Whether you're on a quest to make the world a better place or you just want to ensure the beauty of nature is still around for future generations, Earth Day, which falls on April 22, is one of the best times to honor your passion.

Earth Day activities are a great way to enjoy the outdoors and kick off the start of spring. Here are some ideas to help you find an opportunity to connect with nature.

More: Family Camping Traditions to Start This Year

1. Go Camping

There are few better ways to celebrate Earth Day than with a weekend outside. Many campgrounds are just now opening around this time or are still offering first-come, first-serve sites before the summer season starts. Find a great spring camping destination, and don't forget your spring-specific camping gear.

2. Volunteer Locally or at a National Park

The best way to celebrate Earth Day is to volunteer your time at a local city park or national park you've always wanted to visit. There are many volunteer opportunities across the country; pick one at NPS.gov or EPA.gov. You can also get involved in your region through the Earth Day Network, which has already fostered "a billion acts of green" and is now trying to reach 2 billion.

Learn more at Earthday.org/takeaction.

3. Plant a Tree

Immediately following Earth Day is Arbor Day, on April 25. Get in the spirit and plant a tree with your family. You can plant one in your backyard or find an organized event at ArborDay.org.

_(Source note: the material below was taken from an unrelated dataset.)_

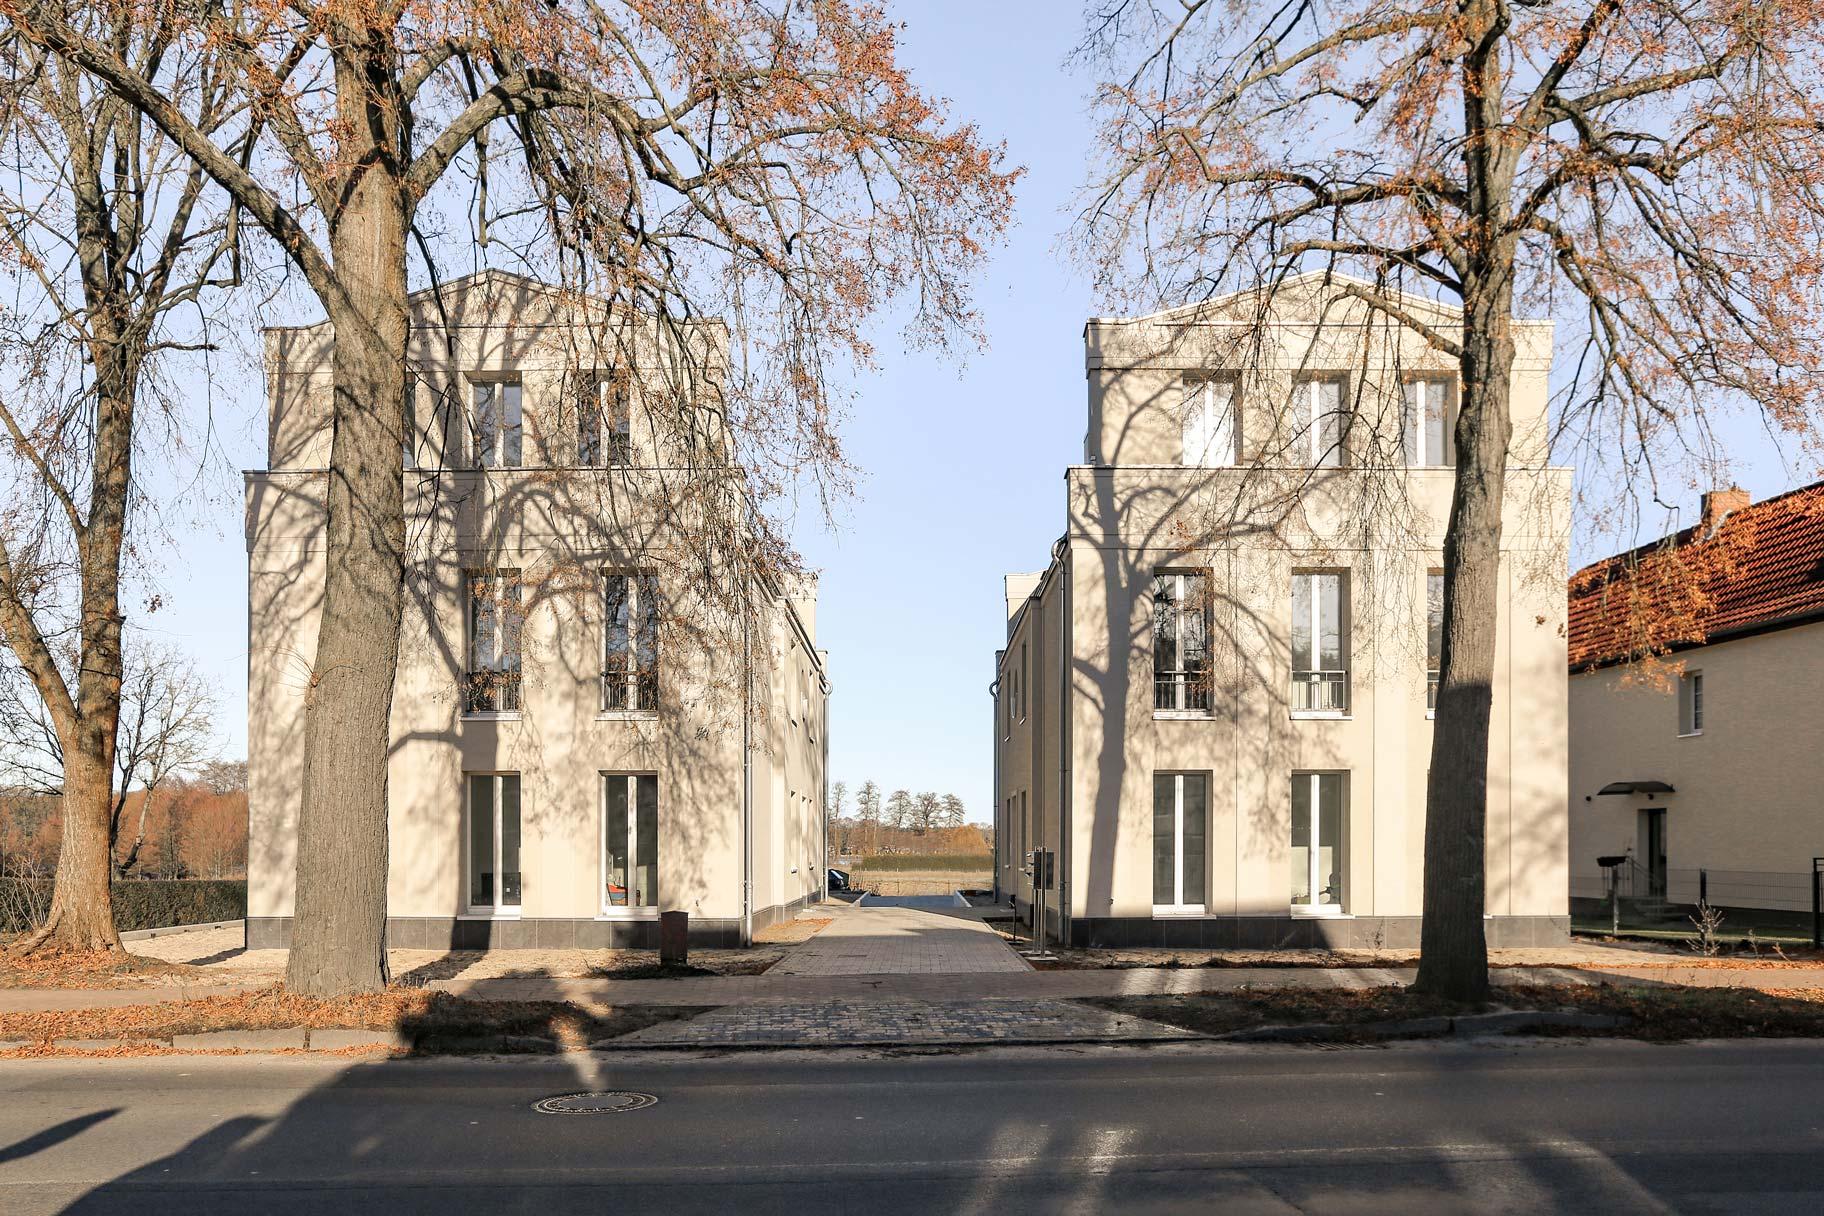 Neubau von Eigentumswohnungen im traditionellen Stil Berlin - Die beiden Mehrfamilienwohnhäuser liegen an einer Piazza.

4. Park Your Car for the Day

Earth day is all about being outside, celebrating and appreciating the natural world around you. On Earth Day, don't drive to work, the store or your friend's house. Bike or walk instead. Better yet—plan a trip to a local state or national park and spend your day exploring.

5. Start a Compost Bin

Earth Day is a great time to start "greening" your life. One way to do this is to start a compost bin. Americans throw out 25 percent of the food they prepare, which costs nearly $1 billion annually to dispose of. Wasted food typically ends up in landfills, where it can harm the planet.

"Because decomposition in a landfill is static (not moving), no oxygen can enter the process, which produces the greenhouse gas methane," according to Composting Around the Country. The act of composting can divert nearly 30 percent of your waste from the garbage can. Check out to EarthEasy.com for tips on how to get started, to learn what foods you can compost and more.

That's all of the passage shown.